Et vous avez voulu que je lui laissasse une erreur qui vous accuse.

MADAME DE MERCOURT.

Il le fallait !... L’important, comme il le dit, est de faire parvenir cette lettre au jury... À qui nous adresser ?

LUCEVAL, apercevant Bombé qui entre.

Mais je vois un membre du jury !...

Courant à lui.

Eh bien ! monsieur, quelle nouvelle ?

BOMBÉ.

Grâce au ciel, il y avait unanimité... Aussi je m’en lave les mains... Ce n’est pas moi plus que les autres.

MADAME DE MERCOURT.

Le jugement est prononcé ?

LUCEVAL.

Eh ! quoi, monsieur, l’affaire Germeuil ?...

BOMBÉ.

Elle vient de commencer.

MADAME DE MERCOURT.

Dieu soit loué... Et ce dont vous parliez tout à l’heure ?

BOMBÉ.

C’est la première cause... Vol avec effraction... En arrivera ce qu’il pourra... J’ai dit comme les trois derniers... j’ai dit : Oui.

LUCEVAL.

Comment, monsieur ?

BOMBÉ.

Que voulez-vous ?

Air du premier Prix.

Pour juger avec certitude,
Et pour bien appliquer la loi,
Il faudrait en faire une étude...
Je n’en ai pas le temps, ma foi.
La justice est un art qu’on prouve,
Et que démontre un professeur.
C’est dans les livres qu’on la trouve.

LUCEVAL.

Eh ! non, monsieur, c’est dans son cœur.

MADAME DE MERCOURT.

Et l’on vient d’appeler la cause de monsieur Germeuil ?

BOMBÉ.

Si vous aviez vu quelle sensation dans l’auditoire... surtout quand il a paru... Une tournure distinguée, de beaux cheveux noirs !... et on criait de tous côtés... « Assis, mesdames, assis... vos chapeaux empêchent de voir. » Car les chapeaux des dames, ça gêne au tribunal comme au spectacle... Je suis resté pour entendre la déposition de ma femme, qui était toute tremblante... Je n’ai jamais vu d’émotion pareille...À peine si on l’entendait, quand elle a dit : « Femme de monsieur Bombé, ingénieur-opticien, rue de l’Arbre-Sec. » On dit cela à voix haute, surtout quand l’assemblée est nombreuse... cela donne votre adresse... Elle aurait pu ajouter : « Fournisseur en chef de plusieurs académies des sciences, et breveté de plusieurs princes, grands personnages et gens d’état. »

MADAME DE MERCOURT.

Et vous êtes sorti, après cela ?

BOMBÉ.

Oui, madame... D’après la déposition de ma femme, je m’étais récusé, comme intéressé à l’affaire.

LUCEVAL.

Comme juré, vous pouvez toujours approcher du siège du jury ?

BOMBÉ.

Sans contredit... j’ai encore une affaire après celle-ci... et si elle se prolonge, je ne sais pas à quelle heure je vais dîner.

LUCEVAL.

Eh bien, monsieur... nous vous prions de remettre au président du jury la lettre que voici.

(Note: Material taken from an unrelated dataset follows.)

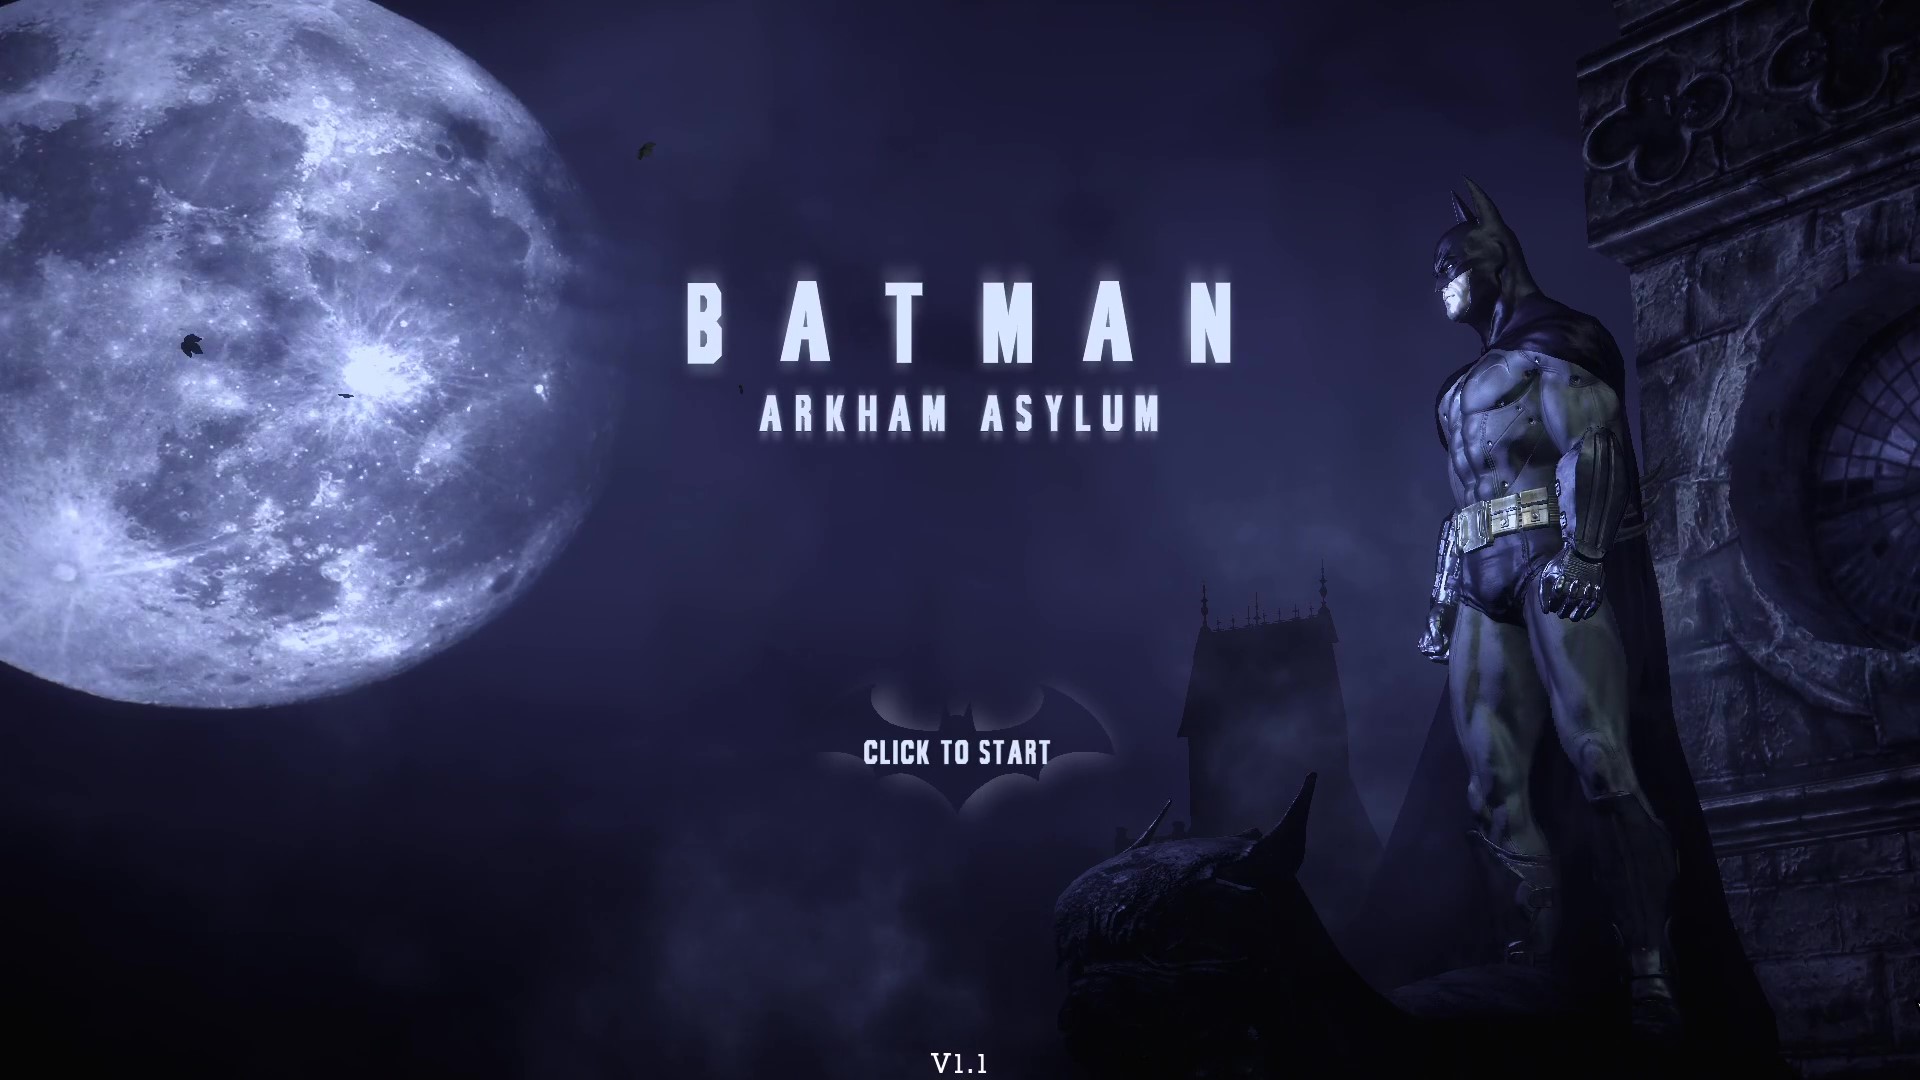 Pass The Controller: Does This Decade Old Batman Game Still Hold Up?

BOMBÉ, passant entre les deux.

Vous dites : cette lettre au président du jury.

MADAME DE MERCOURT, passant auprès de Bombé.

Et aux jurés... en les priant de l’anéantir dès qu’ils en auront pris connaissance.

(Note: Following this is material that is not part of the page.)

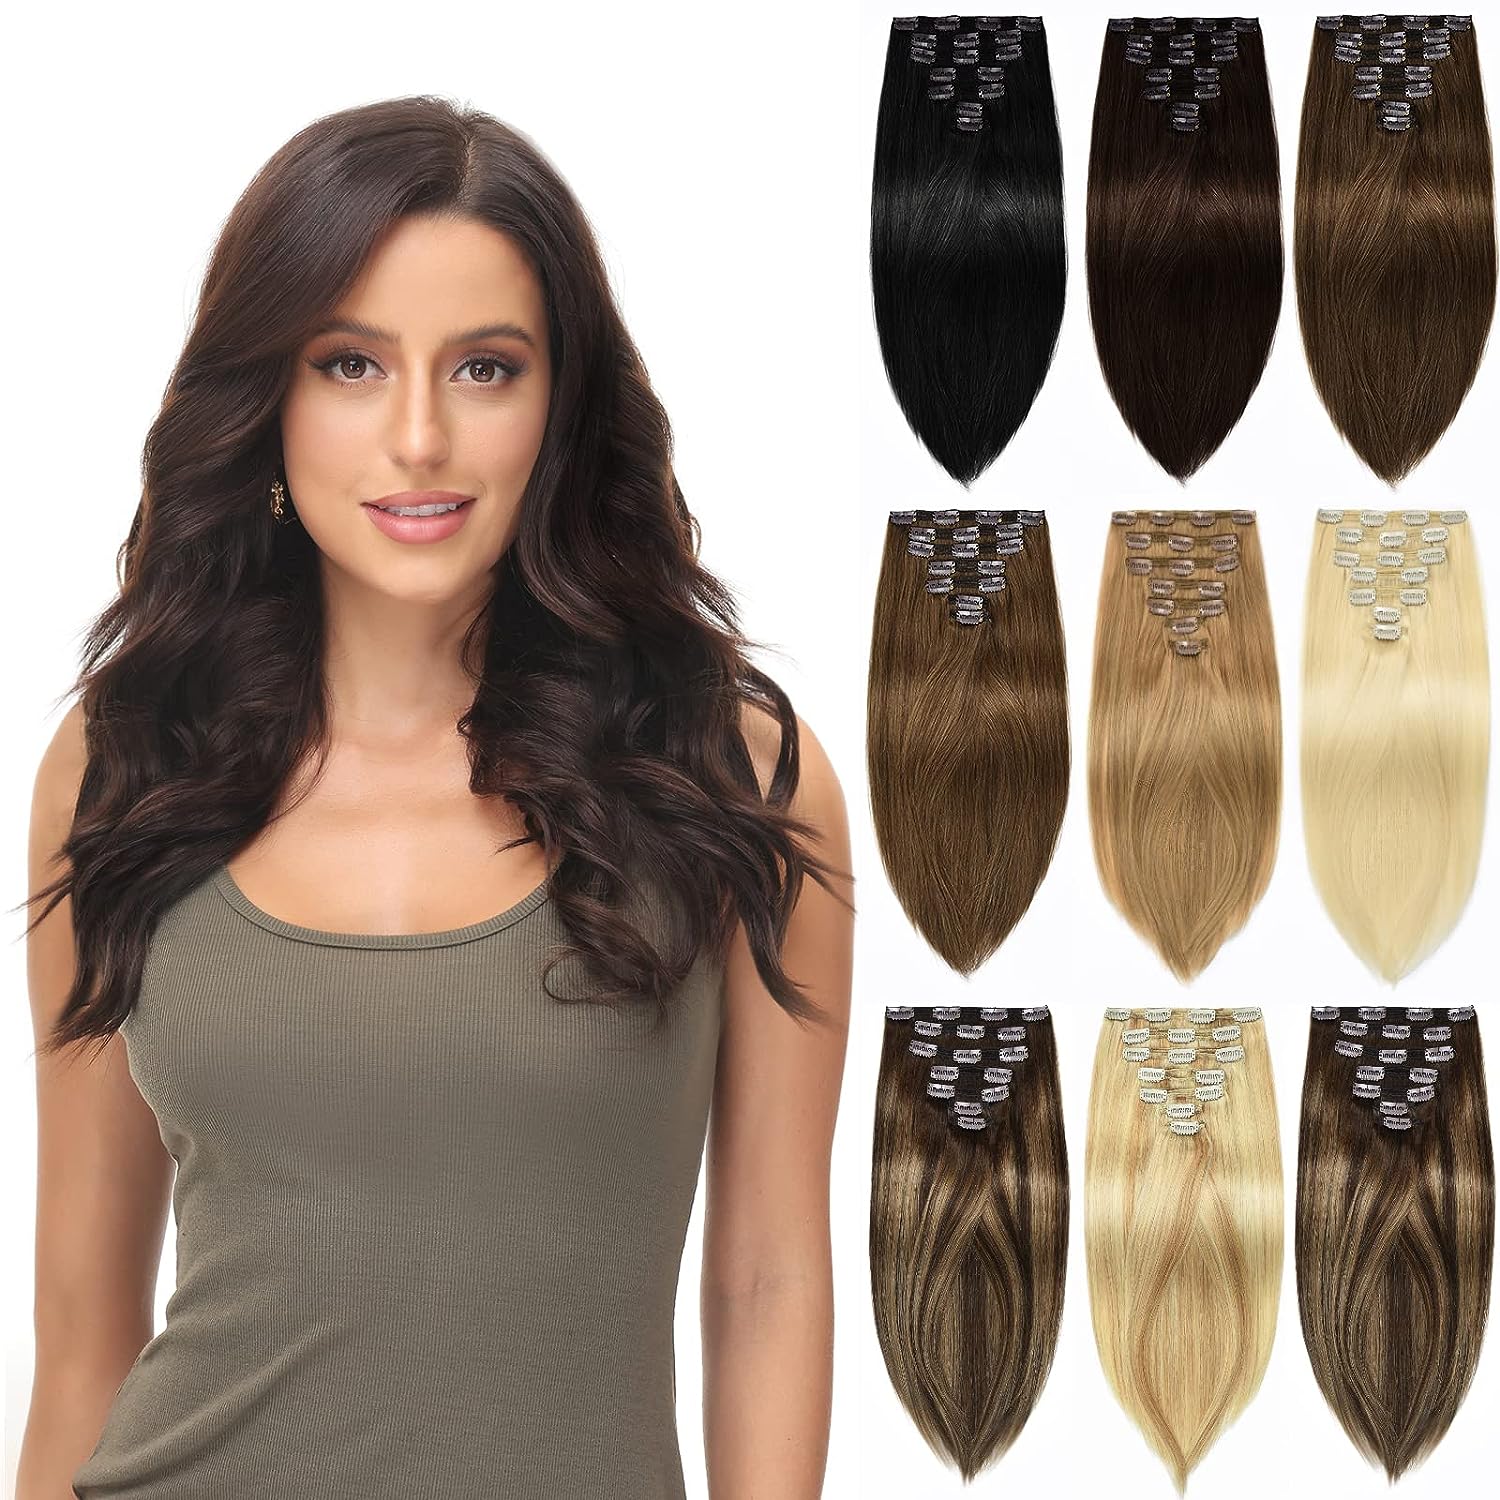 Rose bud Clip in Hair Extensions Real Human Hair 7Pcs [...]

Bombé s’avance toujours vers l’escalier, tandis que madame de Mercourt lui parle, en le suivant.

Et ne perdez pas de temps, je vous prie... car cet écrit peut prouver l’innocence de Germeuil.

BOMBÉ, revenant.

Il n’est donc pas coupable ?

MADAME DE MERCOURT.

Non, monsieur...  Ce vol dont on l’accuse, la nuit... à cette campagne, n’était autre chose qu’une intrigue amoureuse... un rendez-vous...

BOMBÉ, étonné.

Hein !... que dites-vous ?

MADAME DE MERCOURT.

Pas autre chose... Il a été arrêté dans la chambre de celle qu’il aimait.

BOMBÉ, à part.

La chambre de ma femme.

MADAME DE MERCOURT.

Et par discrétion... par amour... il se laisserait condamner !... Pourriez-vous le souffrir ?...

BOMBÉ, à part, et se promenant avec agitation.

Oui, certainement...

MADAME DE MERCOURT.

Que dites-vous ?

BOMBÉ, furieux.

Je dis, madame... je dis que je suis désolé de m’être récusé... et que je voudrais maintenant être juré... ne fût-ce que pour avoir le plaisir de le condamner... pour mon compte, et à mon bénéfice.

LUCEVAL et MADAME DE MERCOURT, étonnés.

Mais qu’a-t-il donc ?... Il a perdu la tête !

BOMBÉ.

Non... tout est découvert... c’est pour ma femme qu’il venait.

MADAME DE MERCOURT.

Eh ! non, monsieur... ce n’est pas pour elle.

BOMBÉ.

C’était peut-être pour moi... une visite de cérémonie... à cette heure-là... à la campagne...

MADAME DE MERCOURT.

Non, monsieur...

BOMBÉ, avec impatience.

Eh bien, pour qui donc ?

MADAME DE MERCOURT, troublée.

Pour qui ?... Puisqu’il faut vous le dire... apprenez...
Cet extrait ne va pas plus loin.